We live in a one-bedroom apartment, so we don't have much of a choice in the matter. Our kids are 3.5 and 1.5. While the 3.5 year old sleeps on her own bed in our room, I seriously doubt she'd be happy sleeping in her own room, and we don't want to push things like that. As it is, she sleeps in her own bed most of the time, but sometimes climbs in with us, and even on nights she stays in her own bed will almost always call out to us at some point just to make sure we're still there before she falls back to sleep. So for the time being, we are more than happy with our single bedroom.

We expect to have a continuous family bedroom for as long as our kids want to sleep with us. For all we know, this will be when our youngest (to-be, since we would like more children) is 7 and we will end up having a family bedroom for 20 years straight. We don't know. I do know that my own parents had a family bed for 15 years running and are now so used to the concept that when the kids who still live there (teenagers now) are really sick they will still sometimes sleep in the same bed, and of course my own kids are always welcome for naps or overnighters. My dad actually says that he got so used to sleeping with kids in the bed that when my youngest brother moved out he went through a couple weeks of insomnia. I know I definately sleep better with the kids right there with me.

We do, however, want to have a bedroom available for DD when she wants one. So we are contemplating a move to someplace where she can have one. Knowing the kids, though, we'll probably end up with a sibling bed in their own room. DH and I do think that sibling room-and-bed sharing is normal and healthy, so we'll encourage that .


----------



## *LoveBugMama* (Aug 2, 2003)

We have a familyroom.

But, our family is just 2 people, me and Noah!









He has his own bed next to mine, and sleeps in his bed most of the night. He always climbs into my bed in the early morning hours, though.

We will share a bedroom for as long as he wants to.

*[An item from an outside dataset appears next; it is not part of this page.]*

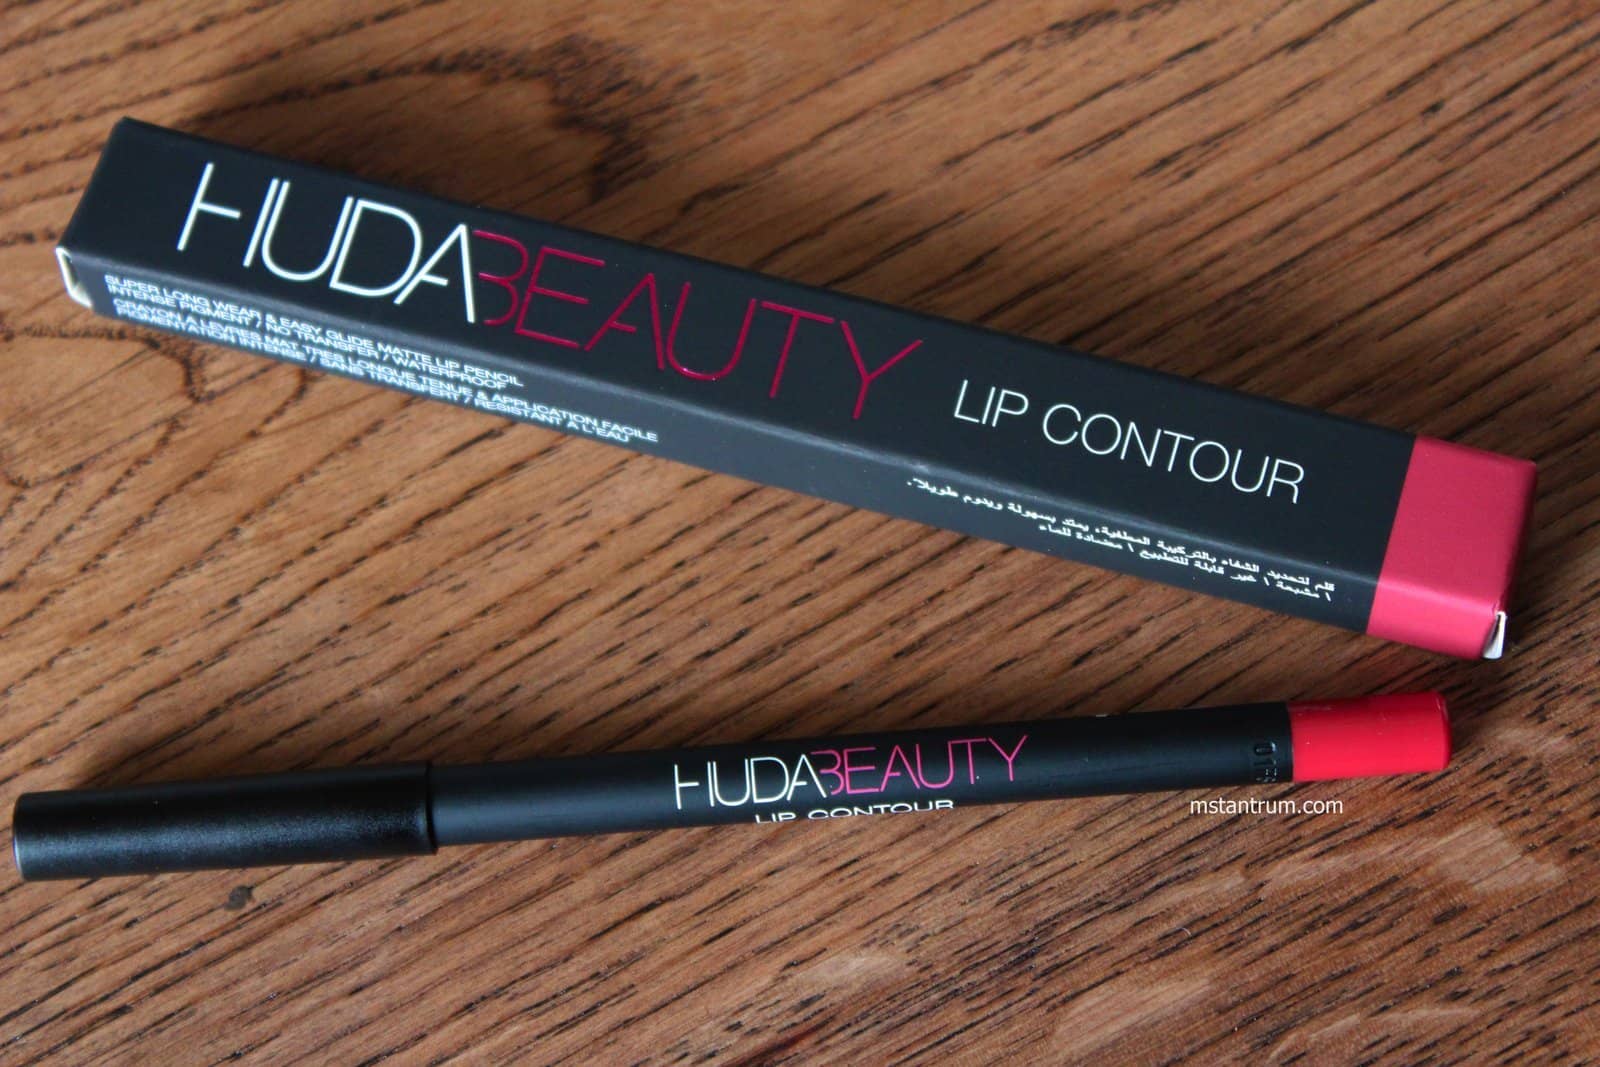 Huda Beauty Lip contour from Cult beauty

I would never be able to force him to sleep alone.


----------



## gurumama (Oct 6, 2002)

Yep. Just the one bedroom (the other bedroom is DH's office). A king and double mattress on the floor next to each other--it's an ENORMOUS bed, and it's jumping friendly. In the winter when we have playdates the kids all jump on the bed and get their energy out.

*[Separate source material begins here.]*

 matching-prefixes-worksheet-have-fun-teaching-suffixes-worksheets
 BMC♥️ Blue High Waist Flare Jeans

(We also have a ball pit with 200 balls in it in the bedroom, but that's another story...)

We love it! Our kids are 4.5 yo and 16 mo (but you met us last week so you know that







) and there's NO sign that Ben wants to leave the bed. (We tried when he was 2.5 yo and it lasted a year, until Reilly came along...then it was 4 in a king and that's when we added the "guest room" bed to ours and now have a 12' bed....).


----------



## hvl25 (Jan 28, 2003)

Quote:

_Originally posted by gurumama_
*Yep. Just the one bedroom (the other bedroom is DH's office). A king and double mattress on the floor next to each other--it's an ENORMOUS bed, and it's jumping friendly. In the winter when we have playdates the kids all jump on the bed and get their energy out.

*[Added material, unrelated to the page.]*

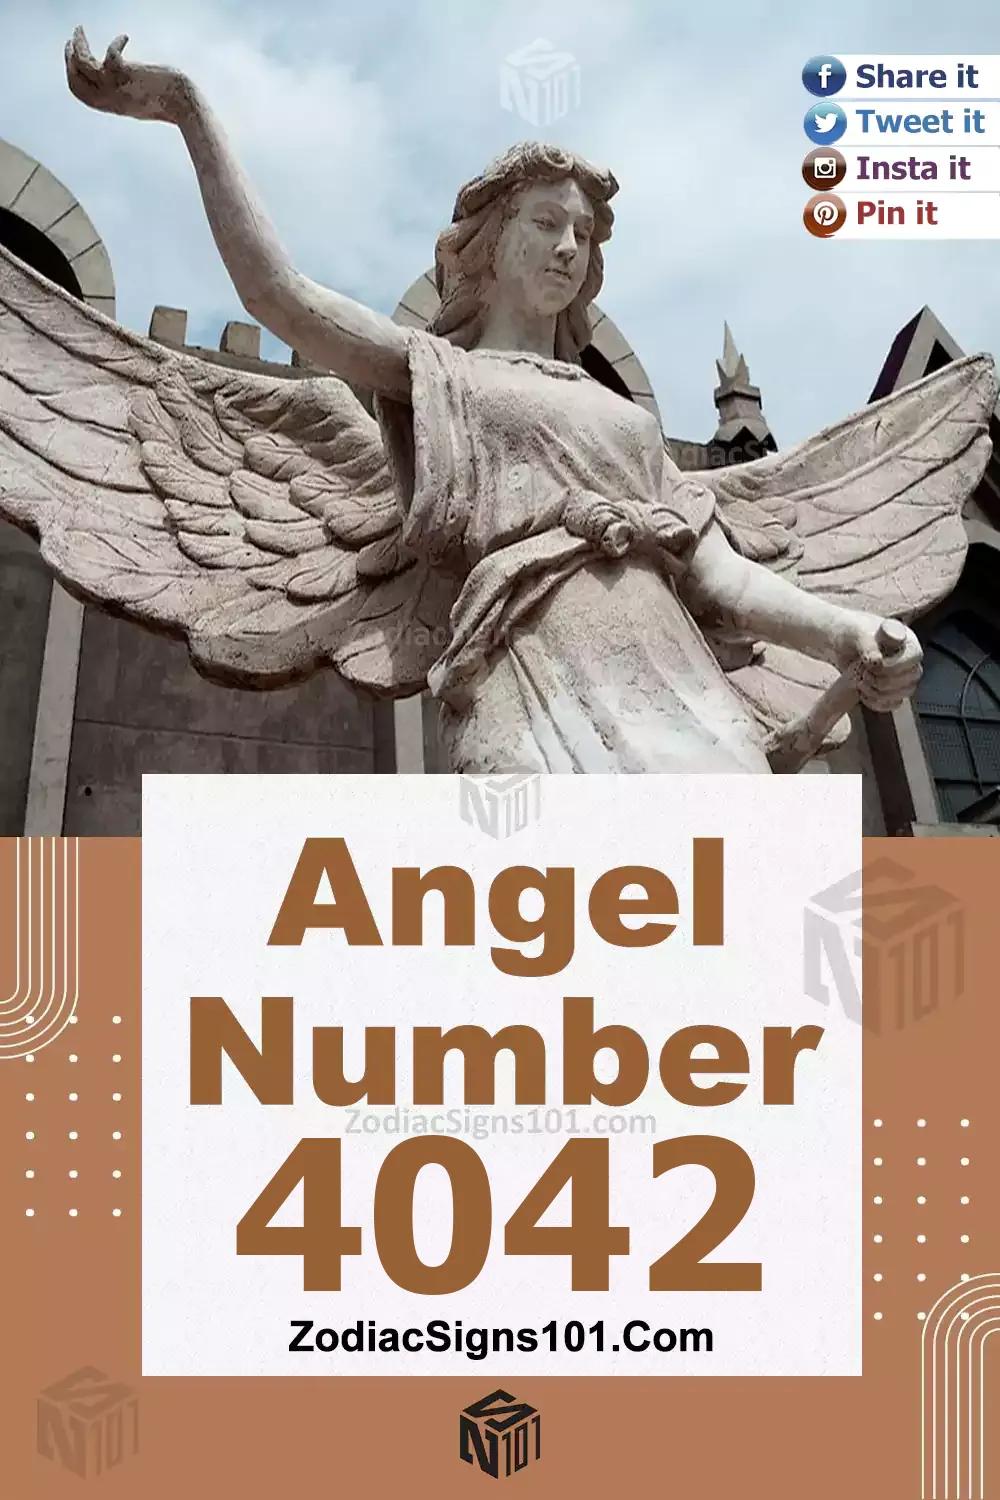 4042-Angel-Number-Meaning.jpg

(We also have a ball pit with 200 balls in it in the bedroom, but that's another story...)

We love it! Our kids are 4.5 yo and 16 mo (but you met us last week so you know that







) and there's NO sign that Ben wants to leave the bed. (We tried when he was 2.5 yo and it lasted a year, until Reilly came along...then it was 4 in a king and that's when we added the "guest room" bed to ours and now have a 12' bed....).*

that is so cool !! I keep trying to get my hubby to do that. Our 4yo still loves to sleep with us and I feel bad when I tell him there is not enough room.


----------



## krolissa (Sep 30, 2002)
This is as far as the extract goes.